We need to get rid of these huge cities. Maybe the best thing is just let it all fall---race wars, revolution-blow up the cities. Then we can rebuild, with a nation of small family farms-as someone once said -on another 'old scrap' of paper.
I just don't see America as being a saveable place anymore.
All you white people living in the condos and surburbs--when was the last time you actually visited a poor area? You think you are safe because you live 10 or 50 miles away?
The poster who said blacks trash their homes-they don't OWN those homes-why would you take care of a home you don't own? To help make your landlord richer? Don't you see it is a form of protest?
Maybe without even realizing it....look today at all the white suburb homes with the forclosure signs in the yards--are the plants dead? Is the lawn turned to weeds? Are the windows dirty and broken? It is just a matter of time....
I grew up in a white turned black neighborhood. My family was one of the last white families to leave. I watched a little black boy grow up across the street. He was a smart kid-got up at 4AM to do a paper route. But he grew up and became a pimp -and sold drugs. Why? Because that is where the MONEY IS- in a poor black neighborhood. What should he have done-work at McDonalds?
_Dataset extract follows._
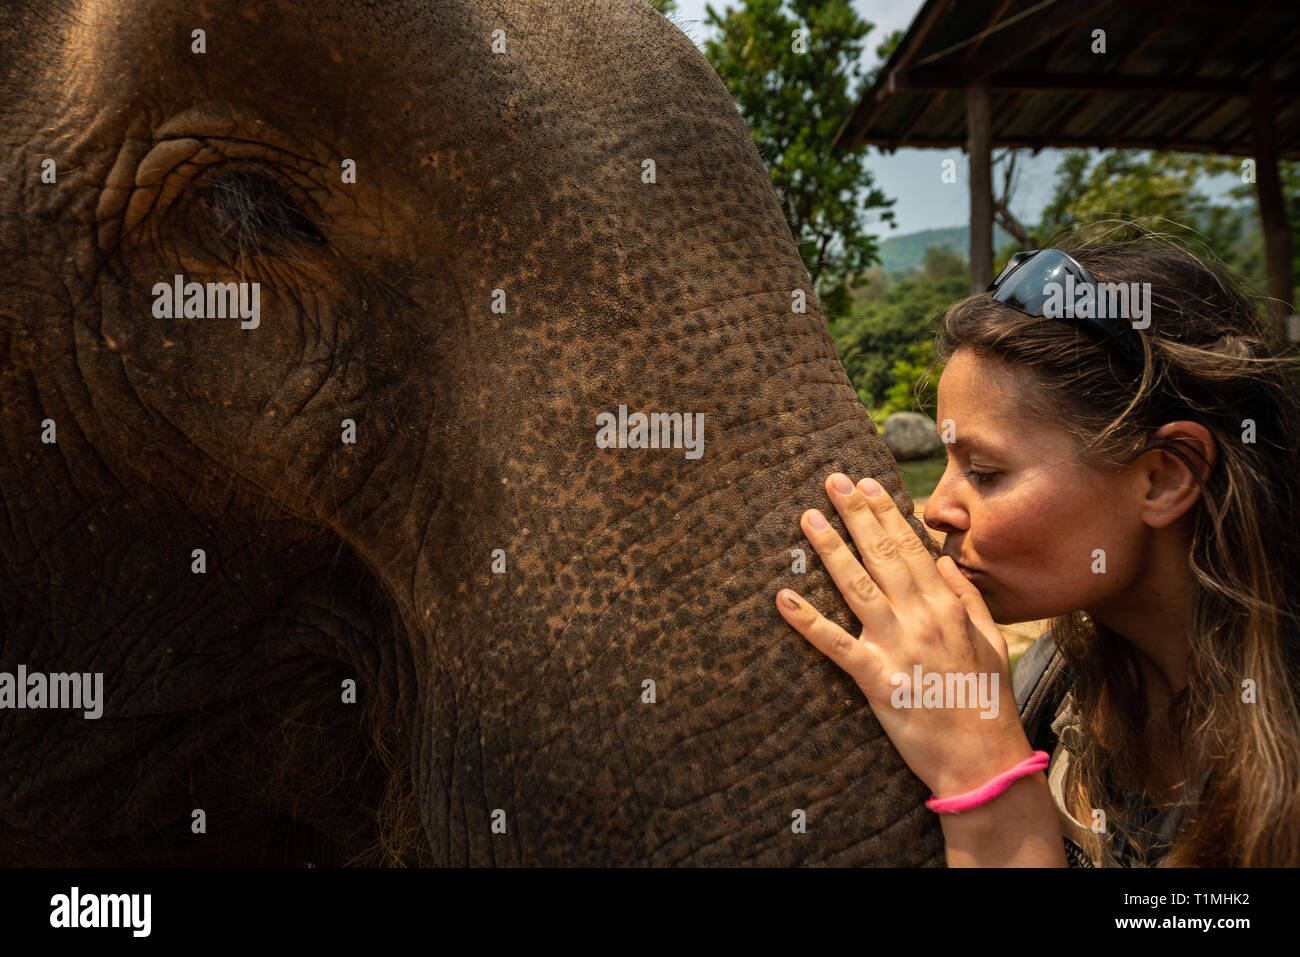 Kissing the elephant Girl Tourist kisses elephants trunk Close-up Stock Photo
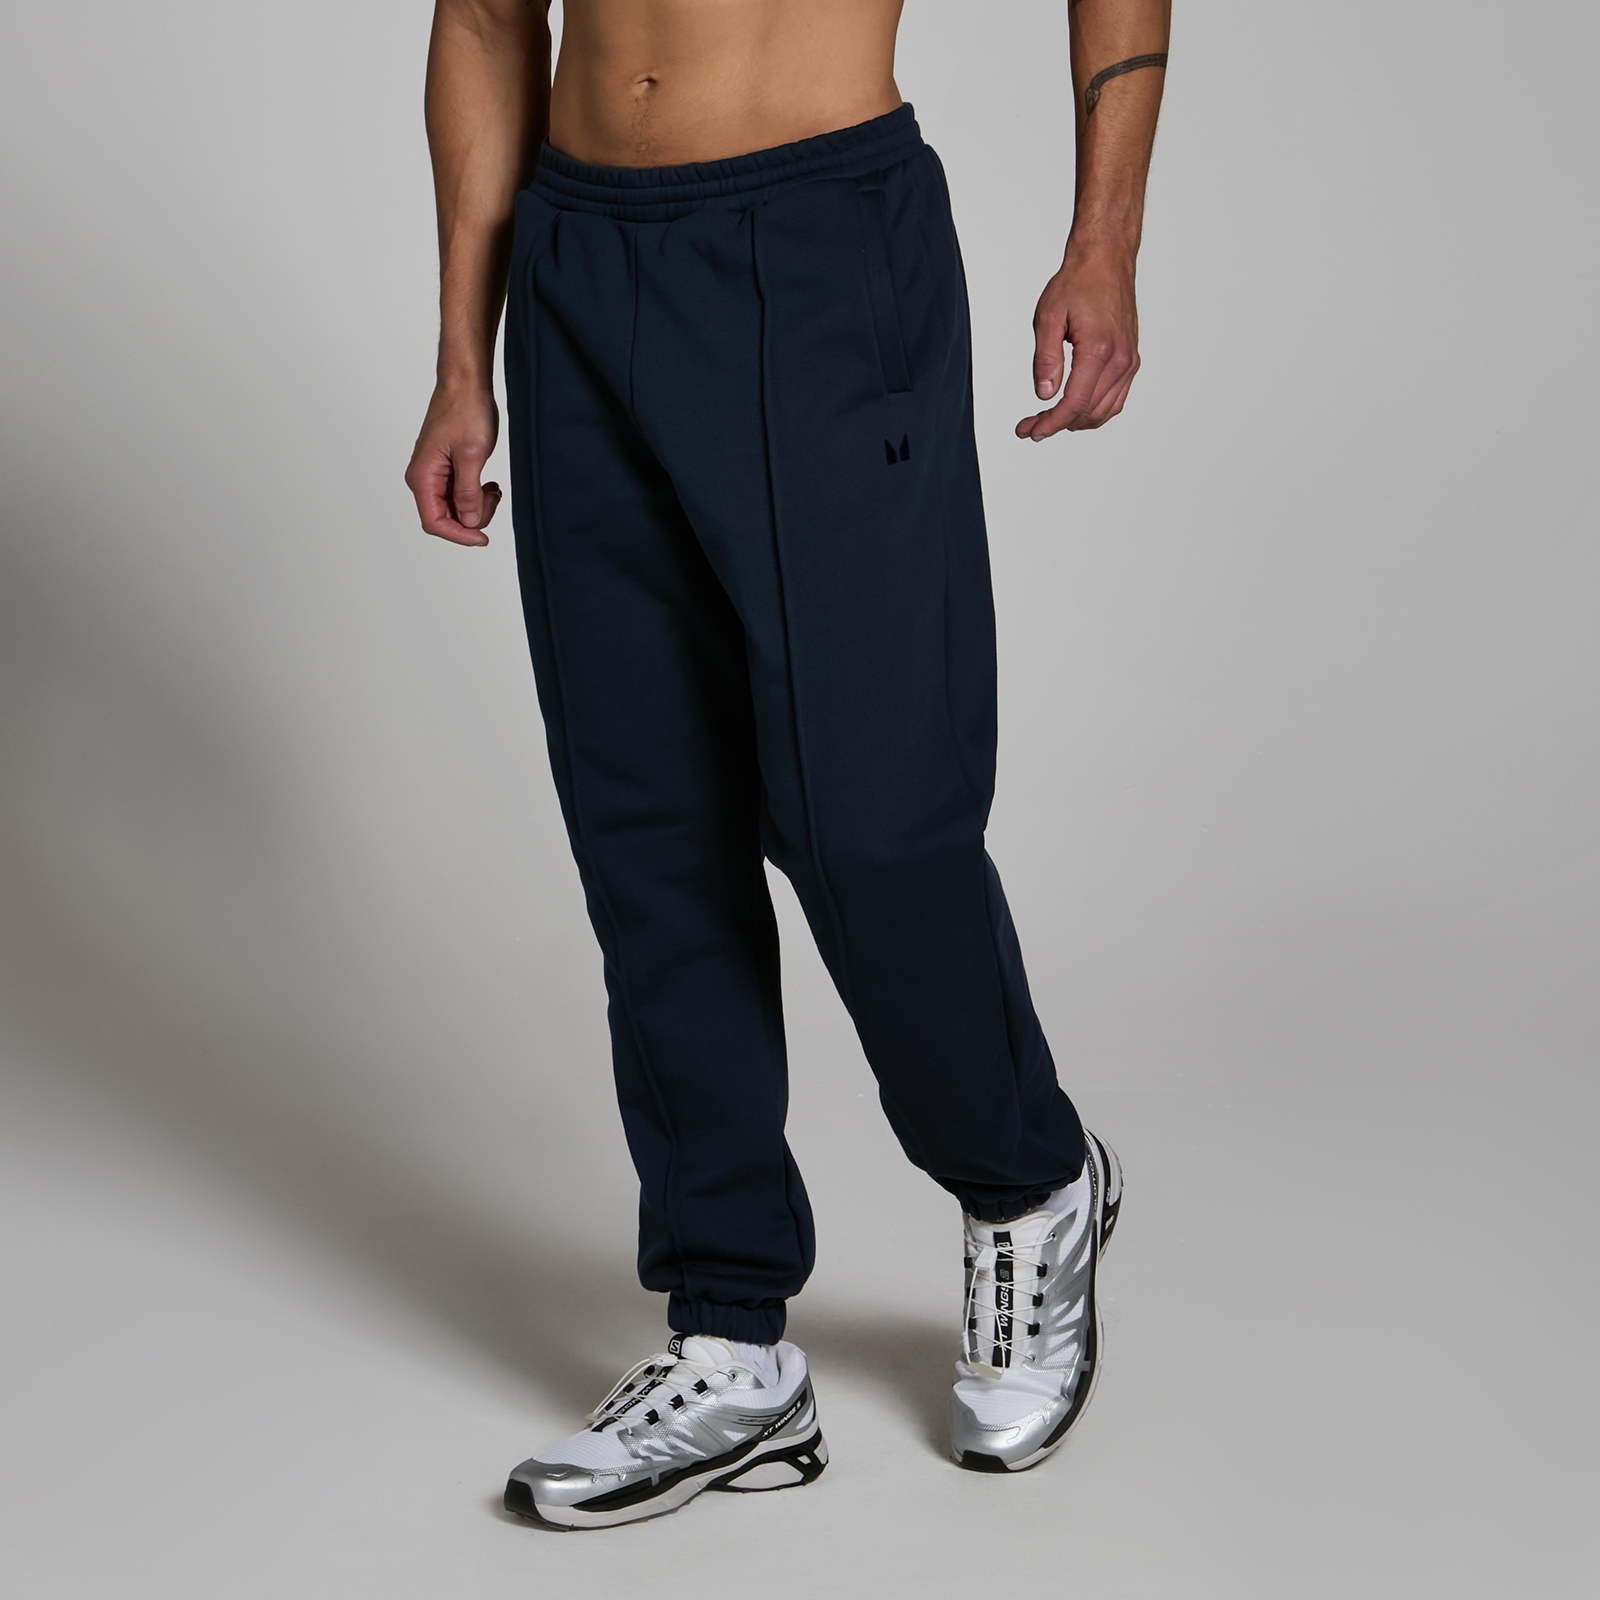 Image of Pantaloni da jogging pesanti oversize MP Lifestyle da uomo - Blu navy scuro - XS

I was shocked when Bill Cosby recently said black kids should flip burgers. I think that shows he has no idea of what life is in black ghettos today. The choice is -work at McDonalds your whole life--and become a drug addict to cope with it-or if you are smart-become a pimp or a drug dealer. For most-there IS no other real choice.
What does the word Nigger really mean? It means-I may not have much or be much-but as least I am better than someone.
The enemy is not scared whites or angry blacks. The enemy is bushandco. The rich ruling class that feeds on us all like vampires. If we can't realize that-and come together to fight the REAL ememy-there is no hope left for this country-or the world.
KEEP YOU DOPED WITH RELIGION AND SEX AND TV. BUT YOUR STILL FUCKING PEASANTS-AS FAR AS I CAN SEE.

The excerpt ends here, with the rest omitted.